# Criminals and the Guns They Carry.............



## Cait43 (Apr 4, 2013)

Criminals and the Guns They Carry | Buckeye Firearms Association


----------



## Goldwing (Nov 5, 2014)

Great read and good info Cait. Thanks for the post.
GW


----------



## Steve M1911A1 (Feb 6, 2008)

Good, useful information.
Good find!
Thanks!


----------



## pic (Nov 14, 2009)

Appreciate the link, 

How would this information help. 

I would never assume my armed attacker was under gunned, had faulty or inferior ammo.

I think the article might be misleading .


----------



## SouthernBoy (Jun 27, 2007)

pic said:


> Appreciate the link,
> 
> How would this information help.
> 
> ...


I think the article is useful but I do agree with your sentence I bolded. One should never underestimate a potential adversary, nor should one discard any information which could give one an advantage should an extreme encounter ensue.
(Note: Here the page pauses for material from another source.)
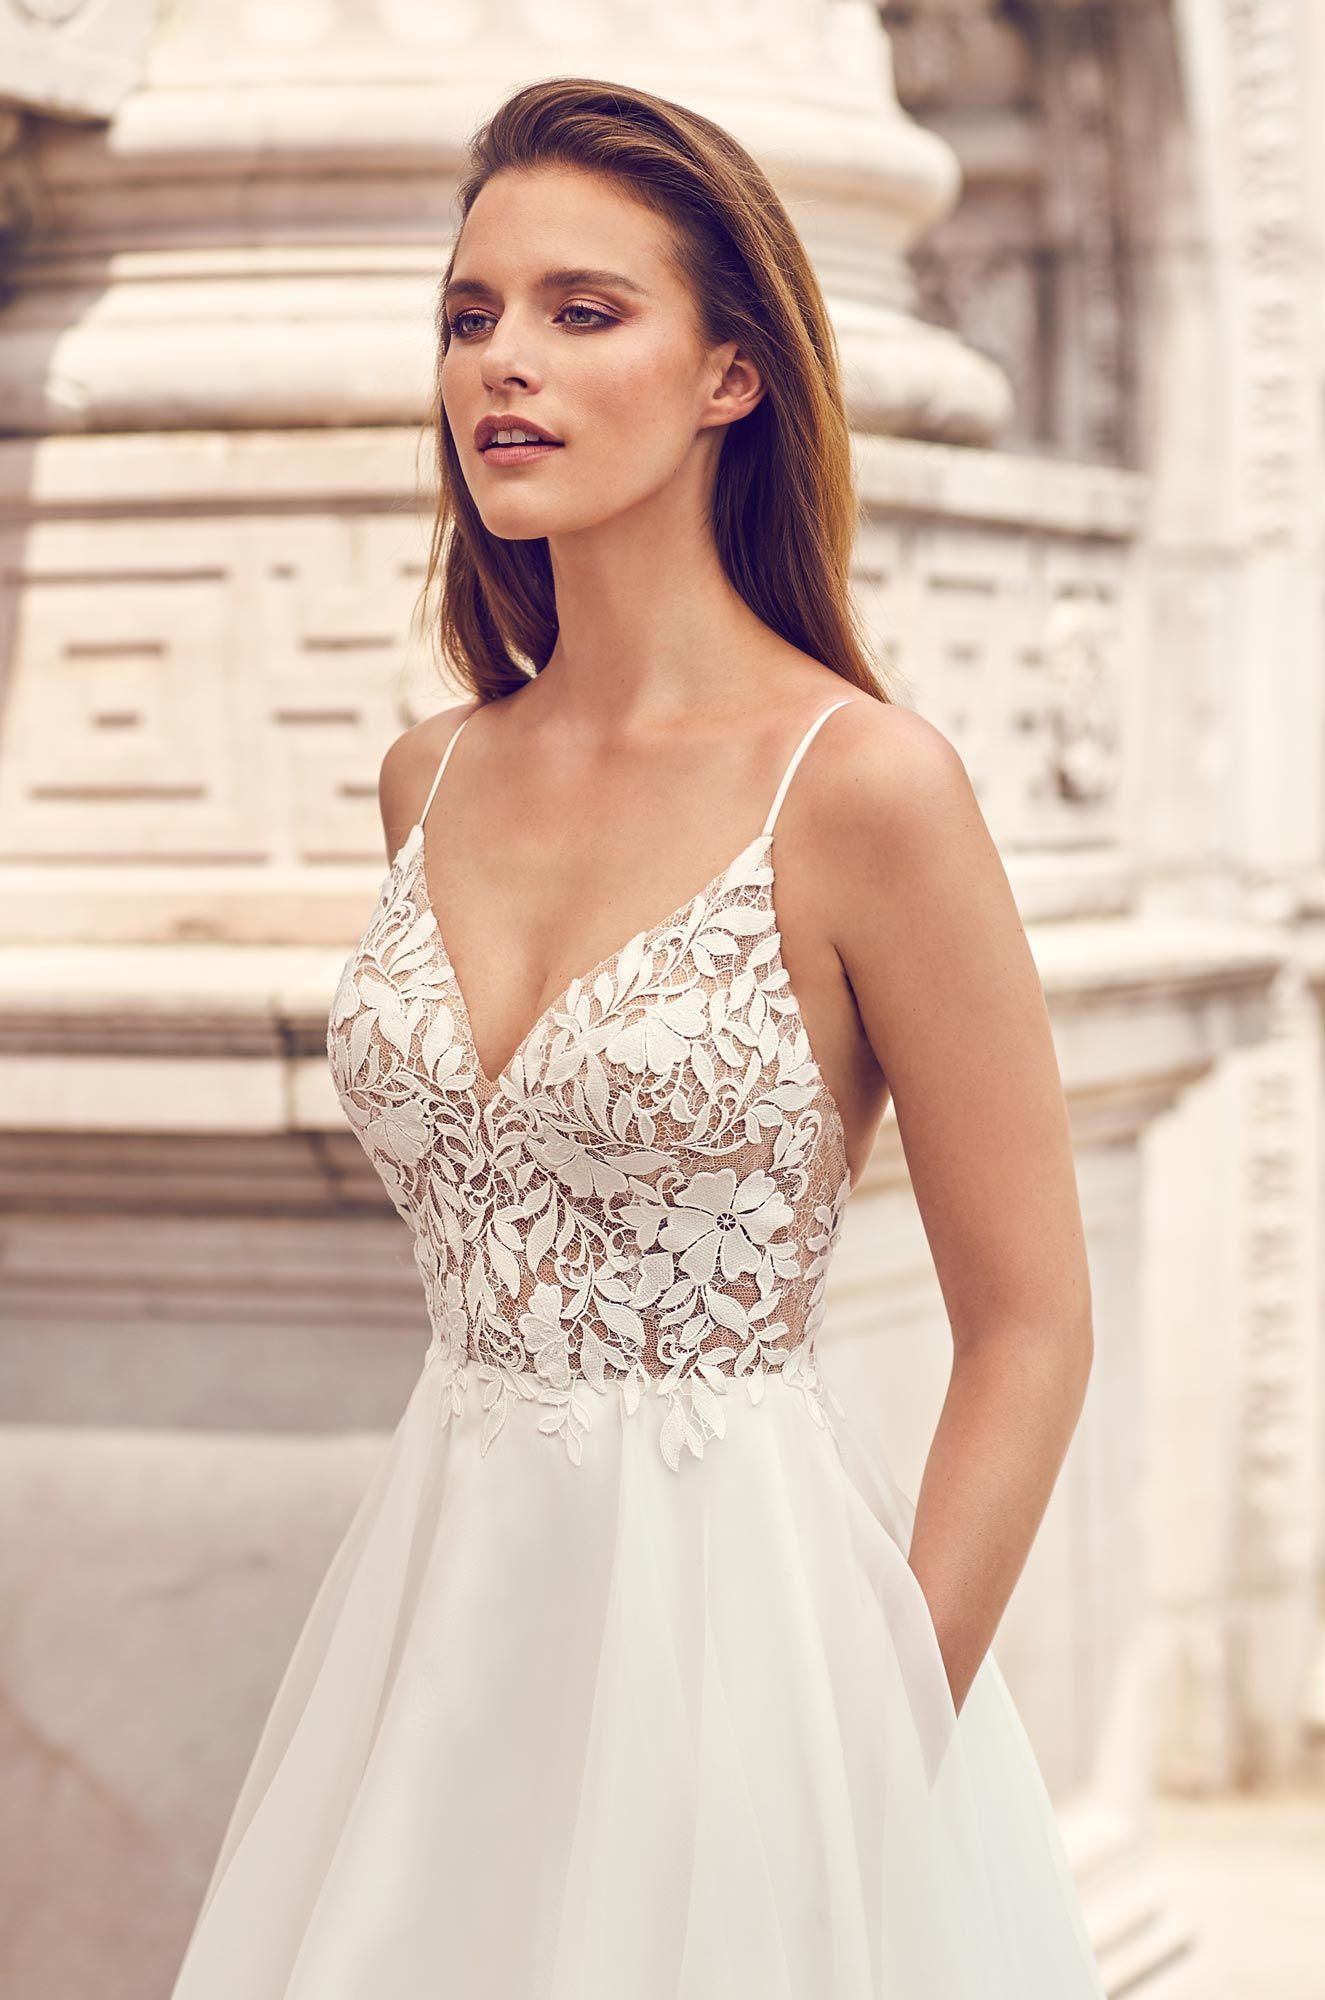 Romantic Lace Bodice Wedding Dress – Style #2225 | Mikaella Bridal

Assuming a threat is better equipped and prepared than you can give you a valuable edge.


----------



## TAPnRACK (Jan 30, 2013)

Interesting article... I may do a study like this myself. I know must of our guns we take off suspects are in horrible shape (rusty & dirty), usually cheap autos in .25, .380 or 9mm. Most only have a few rounds in them and ammo is mostly old, mismatched brands/types. A lot of em' I would never dream of test firing for fear of a catastrophic failure. The revolvers we see are even worse... most are antique junk that stopped being useful long ago.

Agree with SB & Pic that one should never count on this to be the case... not when your life is on the line.


----------



## GCBHM (Mar 24, 2014)

I always like having good intel; however, it is never good to underestimate your opponent. Always train to beat your own best efforts. Work on the little things, and give a little extra. If you do that, you can expect to play a little over your head, and if the other guy isn't on par, you can beat him even if he is more talented than you. Just food for thought.


----------



## PT111Pro (Nov 15, 2014)

I don't believe any statistic that I did not counterfitted on my own. Really criminals coming from Mars and have no Idea about firearms. They don't go to gun-shows to buy weapons and they don't buy from the internet and local gun traders. Tight?.
I don't know where the report comes from, may be from California where no one ever had seen a gun and a criminal can count on, flashing a gun brings everyone to a heart attack. I doubt that in Texas a criminal would go into a gas station and flashing a broken or unloaded gun. Criminals are often stupid bad not that stupid to commit suicide by gas station clerk. 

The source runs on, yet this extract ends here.